Aws-sdk-java-v2: Metrics

Created on 3 Jul 2017 · 24Comments · Source: aws/aws-sdk-java-v2

Review the inherited state of V1 metrics and determine which changes are necessary for V2.

(Feel free to comment on this issue with desired changes).

1.11.x Parity feature-request

Source

millems

Most helpful comment

We recognize this feature to be a blocker for many customers to migrate from 1.x to 2.x. We still believe this feature to be important and intend to implement it.

millems on 15 Oct 2019

👍4

All 24 comments

I'm curious if this has gotten any more thought, is there a current recommendation?

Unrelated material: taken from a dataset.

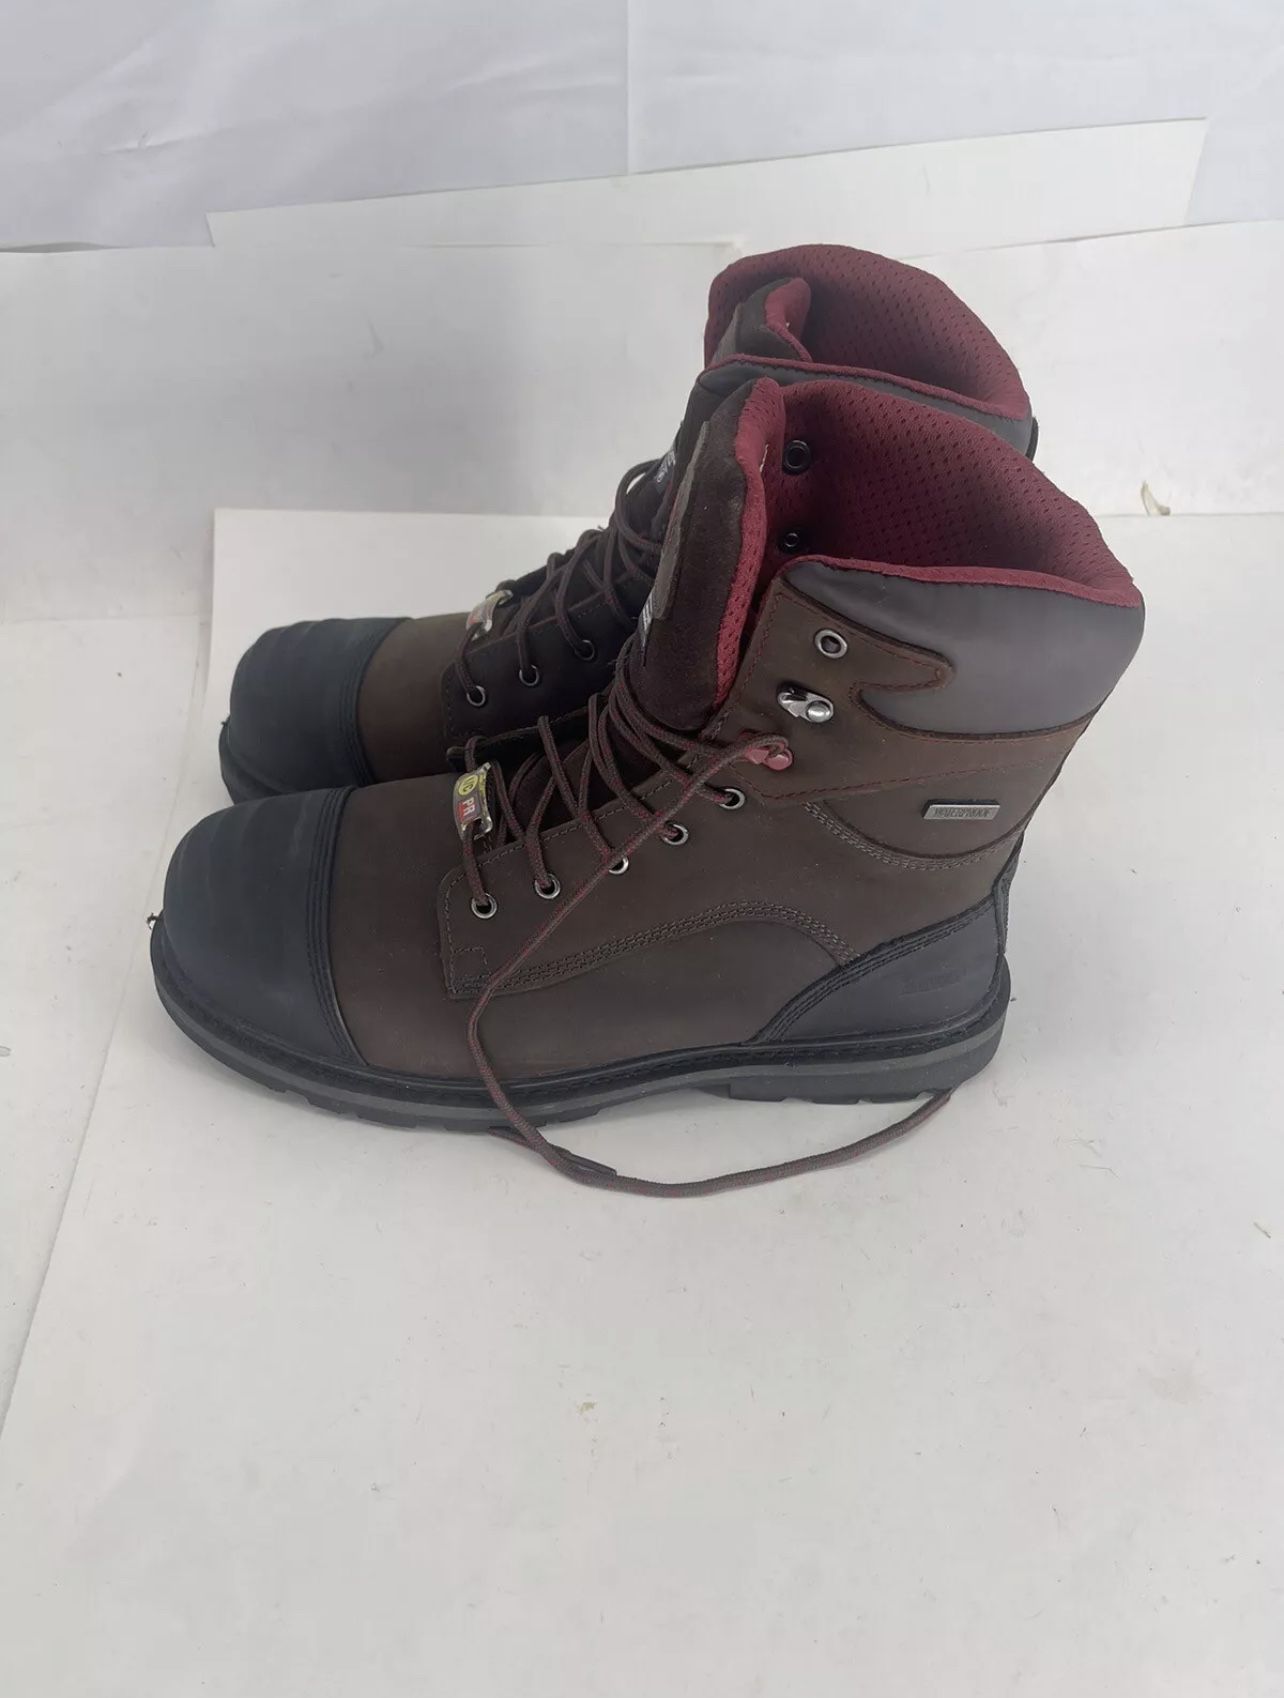 Avenger Work Boots Mens 8" Hammer Waterproof 1000 Gram Insulated A7577. Size 12
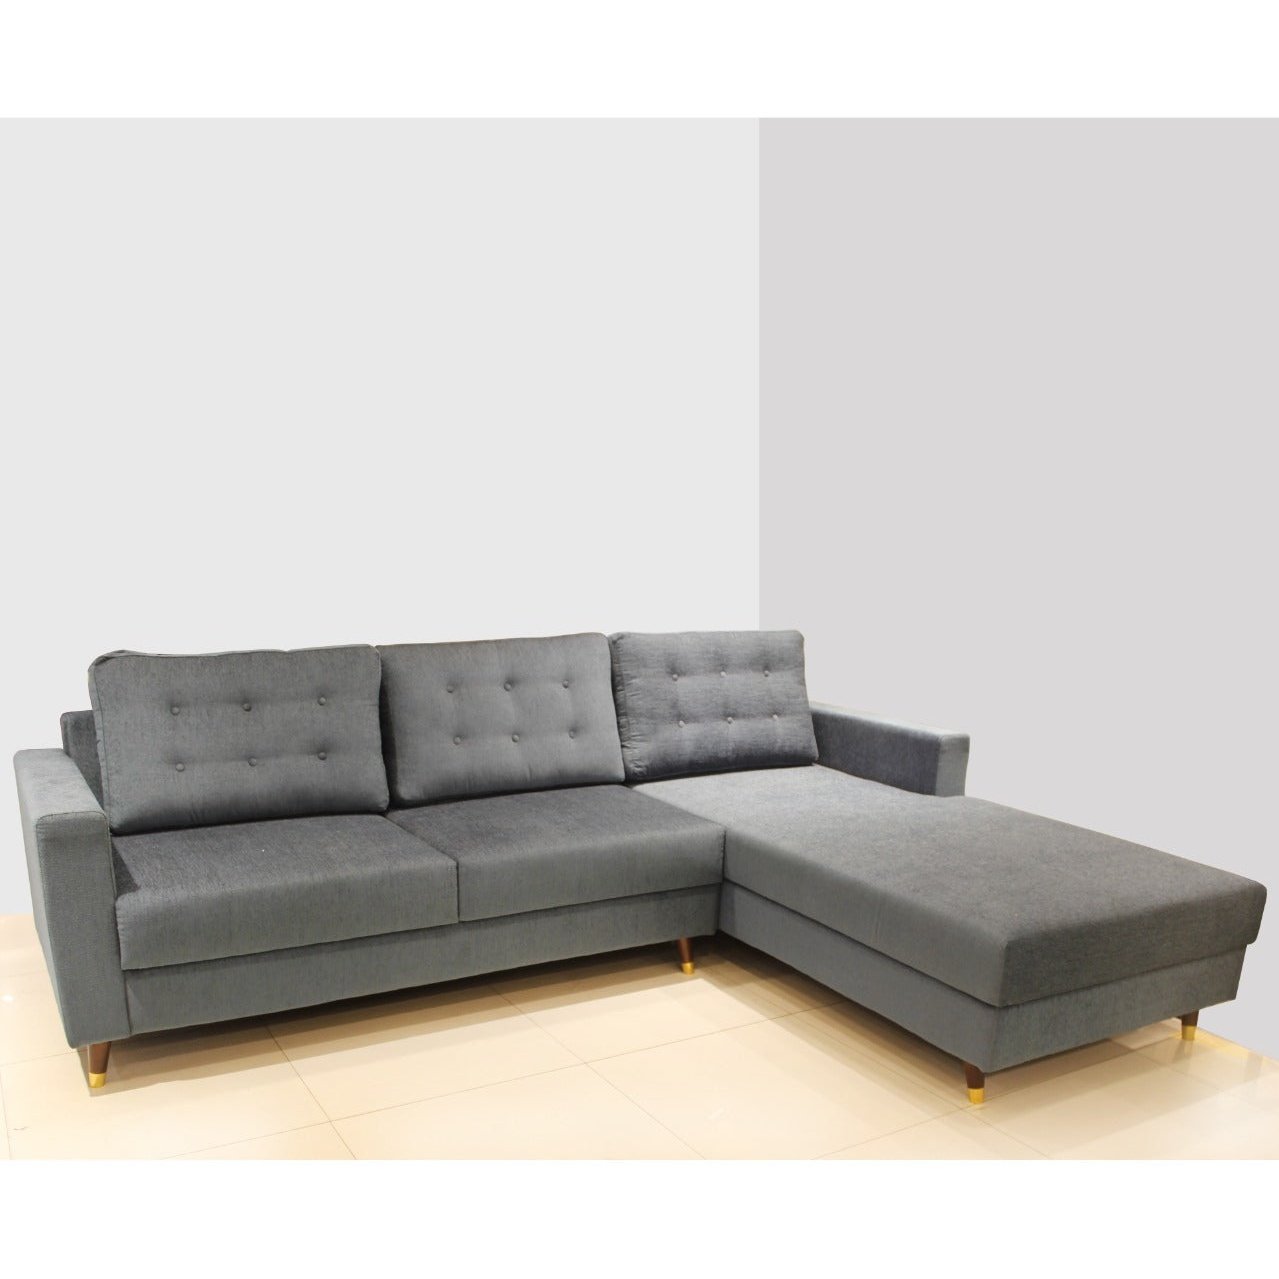 VR-180 BOSTON L SHAPE SOFA SET Mobel Furniture

For our use-cases, we mostly care about the request volume and latency. I found that I can get most of what I care about using the pluggable http client support. I'm creating a wrapper for an SdkHttpClient or SdkAsyncHttpClient that captures basic metrics about the requests. The main gap is that I don't see a good way to get the following information that was easily accessible from the V1 metrics collector:

Service name (e.g. EC2)
Request type (e.g., DescribeInstances)
AWS error code, we get the HTTP status code, but that doesn't always map as we would expect to the AWS error

For synchronous clients we have a hacky way to get the first two by looking at the stacktrace and seeing what the entry point to the SDK was. For async clients that is not viable. Is there a better way to access that type of information at the HTTP client layer?

More generally, is there a better integration point that could be used?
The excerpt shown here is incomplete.